For faster 8-bit pattern speeds, the illumination source can be modulated to shorten the smallest bits, and thus shorten the pattern speed. This method will introduce dark time into the pattern and affect the brightness, but it is capable of 8-bit pattern speeds up to four times faster than patterns without illumination modulation. More information on illumination modulation can be found in the DLP® LightCrafter™ Single DLPC900 Evaluation Module (EVM) User's Guide or DLP® LightCrafter™ Dual DLPC900 Evaluation Module (EVM) User's Guide. Examples of possible pattern speeds is shown in Table 6-5

Table 6-5 Faster Pattern Speed Examples
BIT DEPTH DLP5500 (µs) DLP6500 (µs) DLP9000 (µs) DLP500YX (µs) DLP670S (µs)
8 @ 500Hz 1950 1944 1944 1534 100
8 @ 750Hz 1283 1444 1444 343
8 @ 1000Hz(1) 916 969 944 1034 944
16 @ 4Hz NA NA NA 255943 NA
Minimum achievable exposure using smallest allowed Minimum LED Pulse Width
Table 6-6 shows the minimum pattern time for a 1-bit pattern in relation to the number of active DMD blocks.

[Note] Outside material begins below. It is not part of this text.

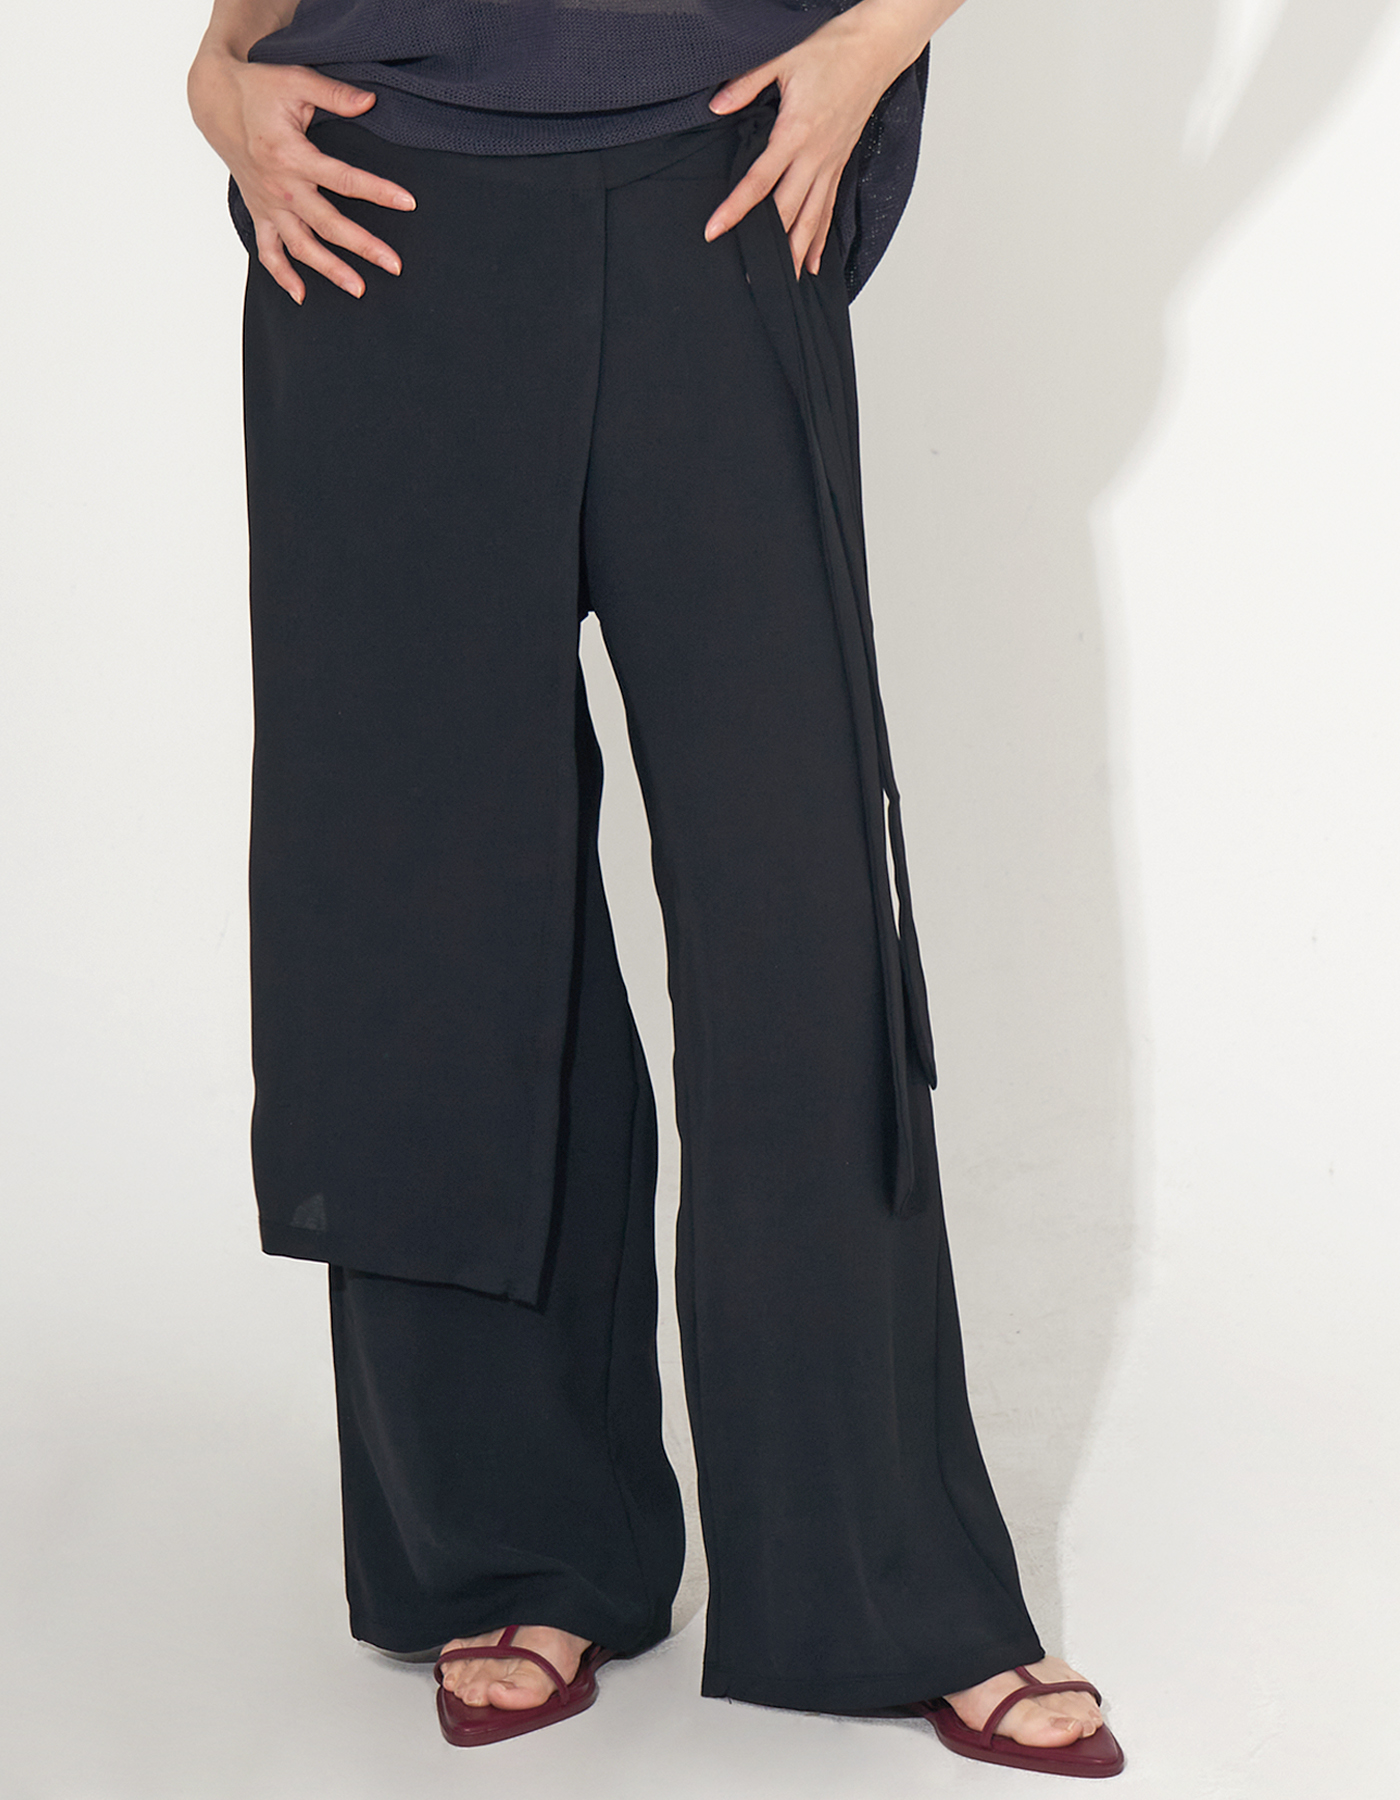 Lap maxi skirt slacks (Black)

Table 6-6 Minimum Exposures for Number of Active DMD Blocks
ACTIVE BLOCKS DLP5500 (µs) DLP6500 (µs) DLP9000 (µs) DLP670S (µs) DLP500YX (µs)
1 25 (1) 24 24 27 30
2 30 (1) 45 42 27 30
3 35 (1) 45 42 27 30
4 28 45 42 33 30
5 33 48 45 38 34
6 38 54 51 44 38
7 43 60 56 49 42
8 48 66 61 55 46
9 53 72 67 61 50
10 58 78 72 66 54
11 63 84 77 72 58
12 68 90 83 77 62
13 73 96 88 83 -
14 78 101 93 89
15 83 105 99 94
16 94 - 105 100
To accommodate the 20μs trigger pulse and 5.2μs block reset time, minimum exposure times for active blocks 1, 2, and 3 are calculated differently than the following active blocks.